The Board of Trustees believes that this change would enhance the Investment
Manager's ability to manage the Funds' portfolios in a changing regulatory or
investment environment. Accordingly, investment management opportunities would
be increased. For example, until the SEC amended its rules in 1991, a money
market fund could not purchase securities (other than certain government
securities) with a deemed maturity of greater than one year (365 days). In 1991,
the SEC extended the maturity limitation to 13 months (397 days). Unfortunately,
if a money market fund had elected to adopt a fundamental investment policy
specifically limiting its investments to those with a deemed maturity of 365
days or less, that fund was faced with the difficult dilemma of either bearing
the expense of a shareholders' meeting to change its fundamental investment
restriction or foregoing the investment opportunities afforded by the SEC's
change in the maturity limitations (and foregoing the higher yields typically
associated with longer maturities). The proposed revision of the Funds'
fundamental investment restrictions are designed to avoid this type of dilemma.

         The Board of Trustees believes that submitting Proposal 2 to each
Fund's shareholders at this time is in the shareholders' and each Fund's best
interest because it takes advantage of the opportunity afforded by the need to
submit Proposal 1 to the Funds' shareholders. This will spare the Funds the
extra costs and time delays of having a second or separate shareholder meeting
to consider Proposal 2. It will also provide each Fund with additional
flexibility and the other advantages discussed above.

         The proposed changes to each Fund's fundamental investment restrictions
are discussed in detail below. Each Fund's current fundamental investment
restrictions, which are found in its statement of additional information, are 
set forth in Exhibit C.

         Except as described below, each Fund's fundamental investment
restrictions will be reclassified as non-fundamental investment restrictions
(which may be eliminated, reclassified, or amended by the Board of Trustees
without shareholder approval). Investment restriction 4 (which is based on a
Blue Sky position that is no longer applicable) will be eliminated. Investment
restriction 3 pertains to each Fund's ability (i) to concentrate (as defined in
the 1940 Act) its investments and (ii) to invest in repurchase agreements. The
portion of investment restriction 3 pertaining to concentration is amended and
renumbered as fundamental investment restriction 2 as set forth below. The
portion of investment restriction 3 pertaining to investment in repurchase
agreements will be reclassified as a non-fundamental investment restriction.

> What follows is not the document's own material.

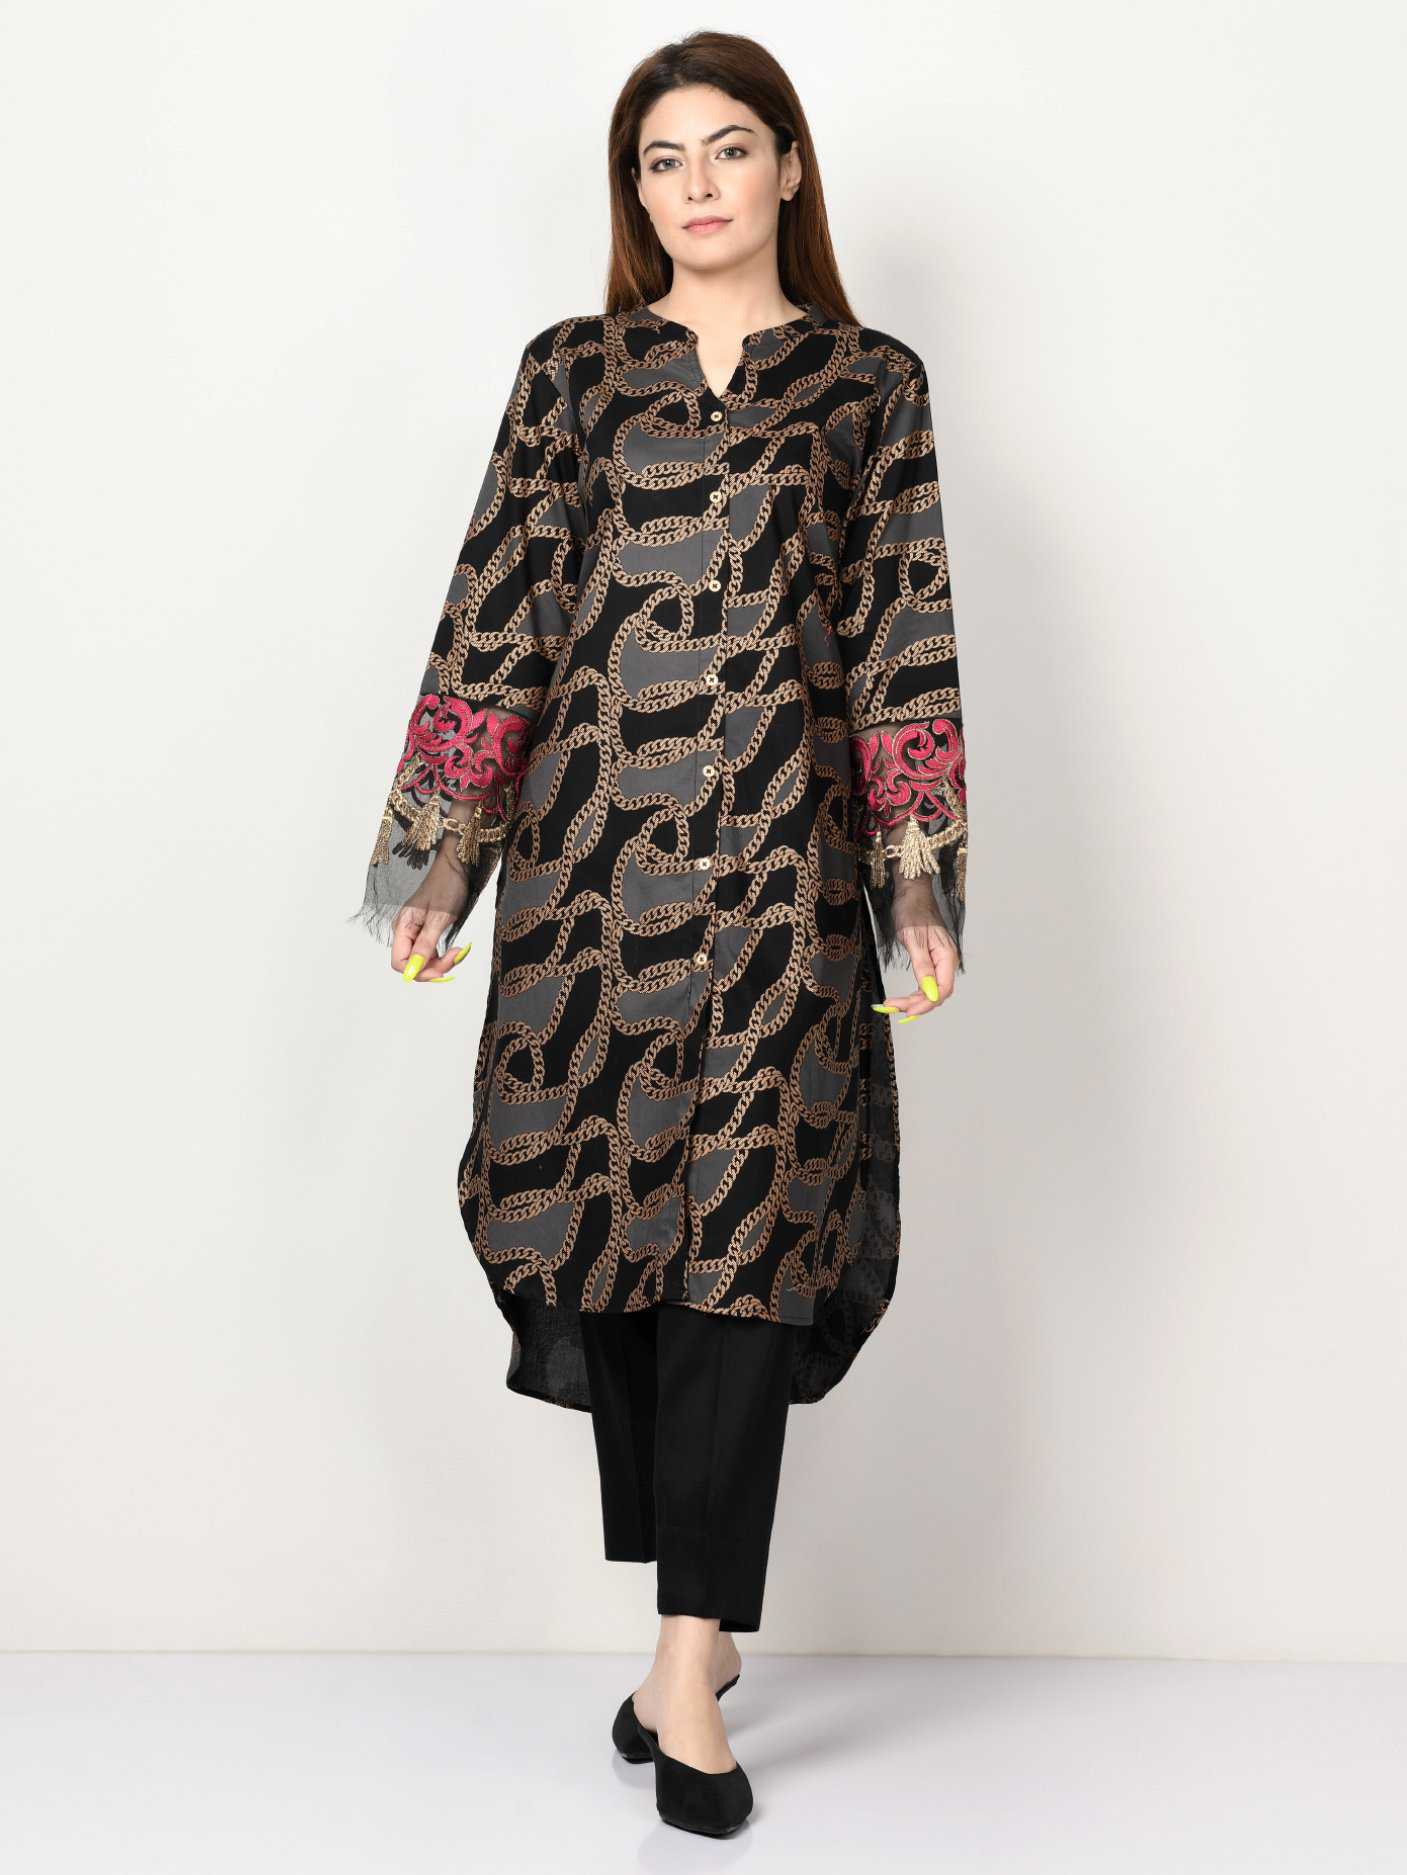 Limelight Embroidered Winter Cotton Shirt P1626-BLK 2019 | Limelight Sale 2020

         The following investment restrictions are proposed as the new
fundamental investment restrictions for each Fund. They are designed to meet the
requirements of the 1940 Act and the rules and regulations thereunder while
allowing the Investment Manager the greatest possible flexibility to pursue
investment opportunities as the regulatory landscape and investment and economic
markets change. If Proposal 2 is approved, each Fund will have no fundamental


                                      -7-
<PAGE>   12
investment policies or investment restrictions except those set forth below.
Each Fund's prospectus and statement of additional information will be revised
to reflect the changes in the Fund's fundamental investment policies and
restrictions. The proposed new fundamental investment restrictions for each Fund
are:

         The Fund:

               1.   May purchase securities of any issuer only when consistent
                    with the maintenance of its status as a diversified company
                    under the 1940 Act.

               2.   May not concentrate investments in a particular industry or
                    group of industries, or within any one state (except that
                    the limitation as to investments in any one state or its
                    political subdivision shall not apply to Schwab California
                    Tax-Exempt Money Fund and Schwab New York Tax-Exempt Money
                    Fund) as concentration is defined under the 1940 Act, or the
                    rules or regulations thereunder.

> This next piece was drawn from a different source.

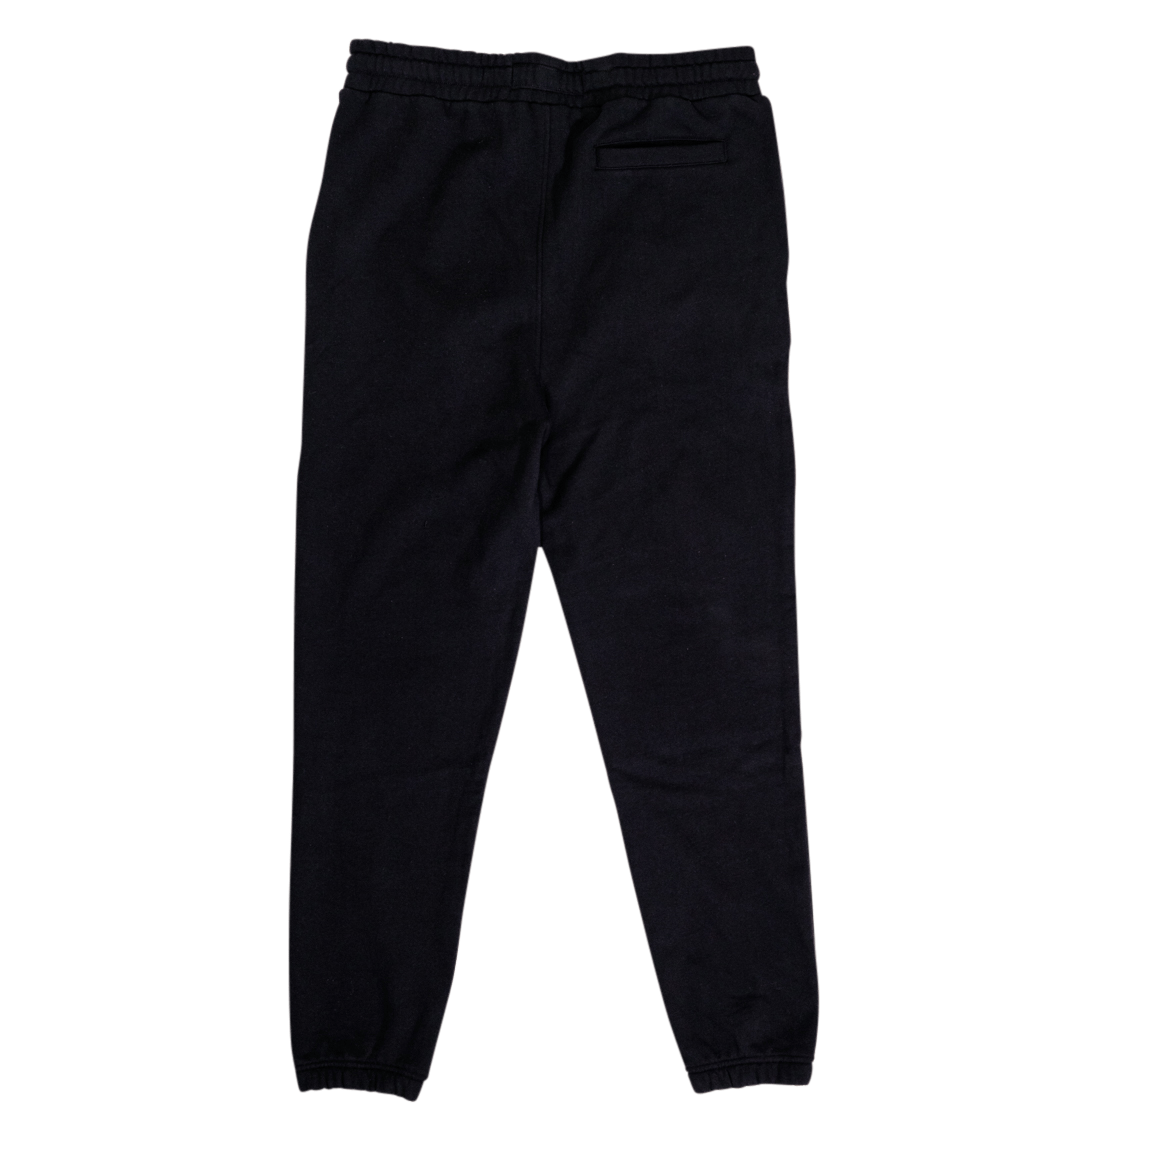 VB Support Trackies – Victor Bravo's

               3.   May (a) purchase or sell commodities, commodities contracts,
                    or real estate; (b) lend or borrow money; (c) issue senior
                    securities; (d) underwrite securities; or (e) pledge,
                    mortgage or hypothecate any of its assets, only if permitted
                    by the 1940 Act or the rules or regulations thereunder.

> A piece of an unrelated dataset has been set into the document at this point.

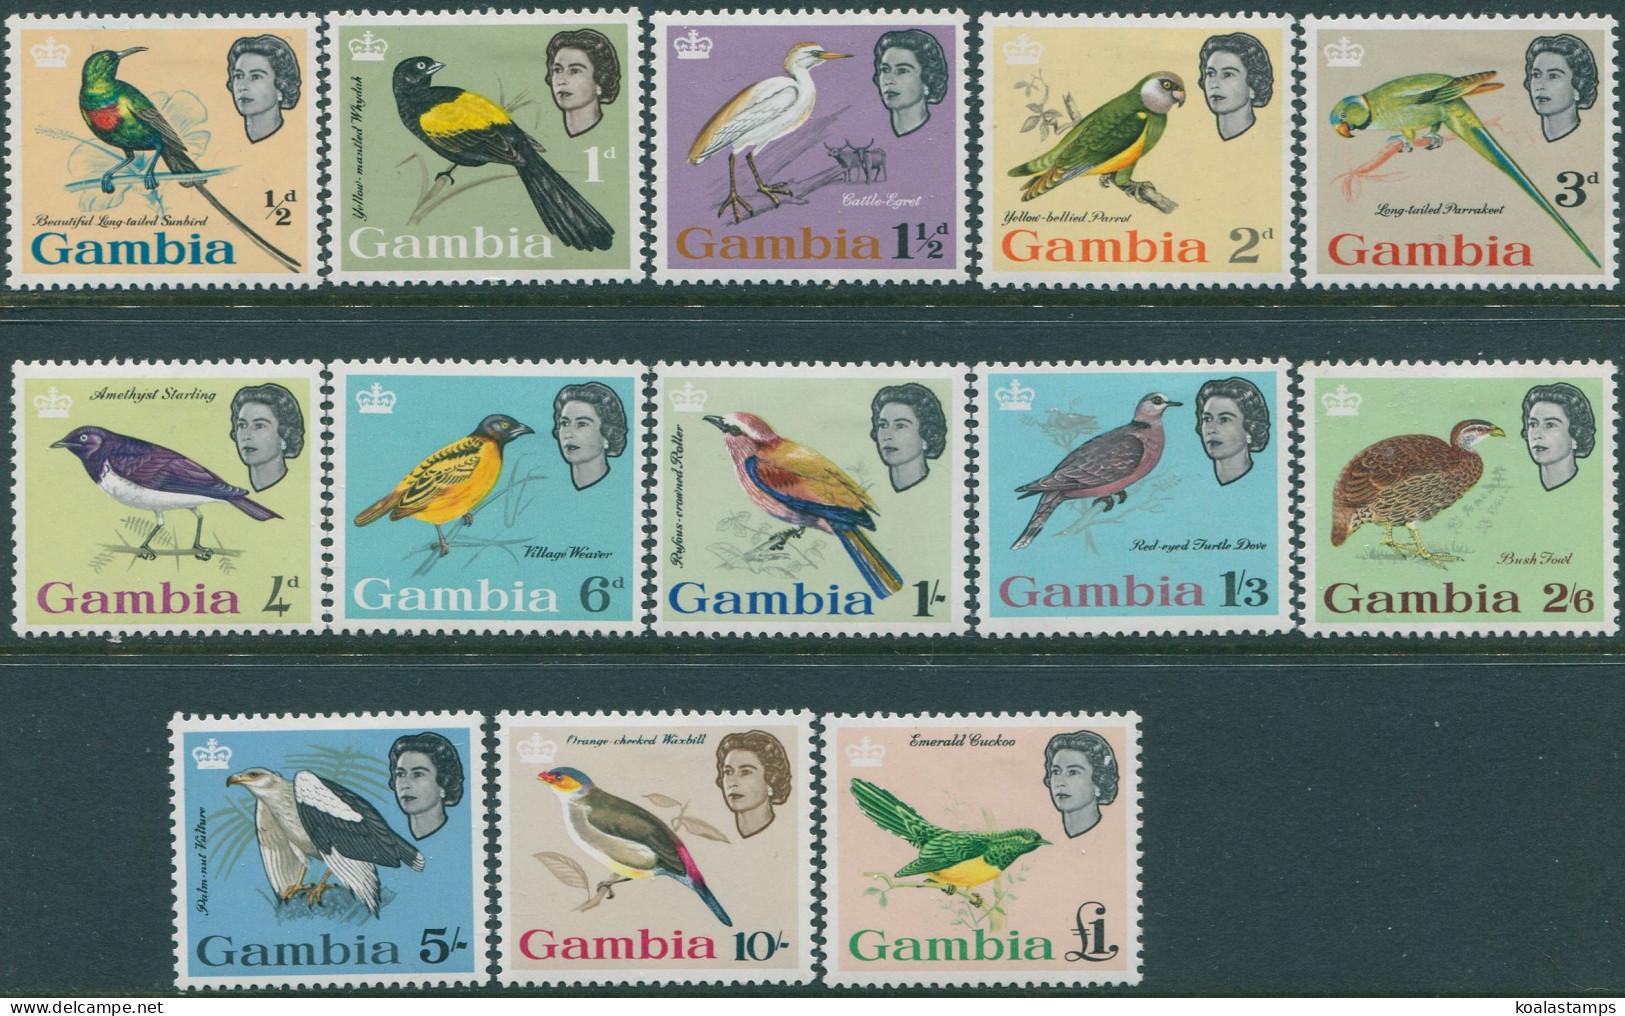 Gambia 1963 SG193-205 Birds Set MLH - Gambia (1965-...)

         Each Fund may adopt additional or revised fundamental investment
restrictions if required by federal or state regulators.

         Required Vote and Board of Trustees' Recommendation

         Approval of this Proposal requires the affirmative vote of the holders
of a majority of a Fund's outstanding voting securities. The Board of Trustees
has considered various factors and believes that this Proposal will increase
investment management flexibility and is in the best interests of each Fund and
its shareholders.

       THE BOARD OF TRUSTEES, INCLUDING THE "NON-INTERESTED" TRUSTEES,
       RECOMMENDS THAT SHAREHOLDERS VOTE "FOR" ELIMINATING, RECLASSIFYING OR
       AMENDING EACH FUND'S FUNDAMENTAL POLICIES AND INVESTMENT RESTRICTIONS AS
       DESCRIBED ABOVE.


                                   PROPOSAL 3

                              ELECTION OF TRUSTEES

         It is proposed that seven Trustees be elected, each Trustee to hold
office until a successor is elected and qualified. It is the intention of the
persons named in the accompanying form of proxy to vote such proxy for the
election of the persons listed below unless shareholders


                                      -8-
<PAGE>   13
specifically indicate in their proxies their desire to withhold authority to
vote for elections to office. The Board of Trustees does not contemplate that
any nominee will be unable to serve as a Trustee for any reason, but if that
should occur prior to the Meeting, the proxy holders reserve the right to
substitute another person or persons of their choice as nominee or nominees.

         Each person listed below has consented to being named in this Proxy
Statement and has agreed to serve as a Trustee if elected.


<TABLE>
<CAPTION>
NAME/BIRTHDAY               TRUSTEE SINCE        PRINCIPAL OCCUPATION
- - - -------------               -------------        --------------------
<S>                         <C>                  <C>
CHARLES R. SCHWAB(1)             1989            Chairman, Chief Executive Officer and Director,
July 29, 1937                                    The Charles Schwab Corporation; Chairman and Director
                                                 of Schwab and the Investment Manager; Chairman and 
                                                 Director, The Charles Schwab Trust Company; Chairman 
                                                 and Director, Mayer & Schweitzer, Inc. (a securities
                                                 brokerage subsidiary of The Charles Schwab Corporation); 
                                                 Director, The Gap, Inc. (a clothing retailer), 
                                                 Transamerica Corporation (a financial services organization),
                                                 AirTouch Communications (a telecommunications company) and 
                                                 Siebel Systems (a software company).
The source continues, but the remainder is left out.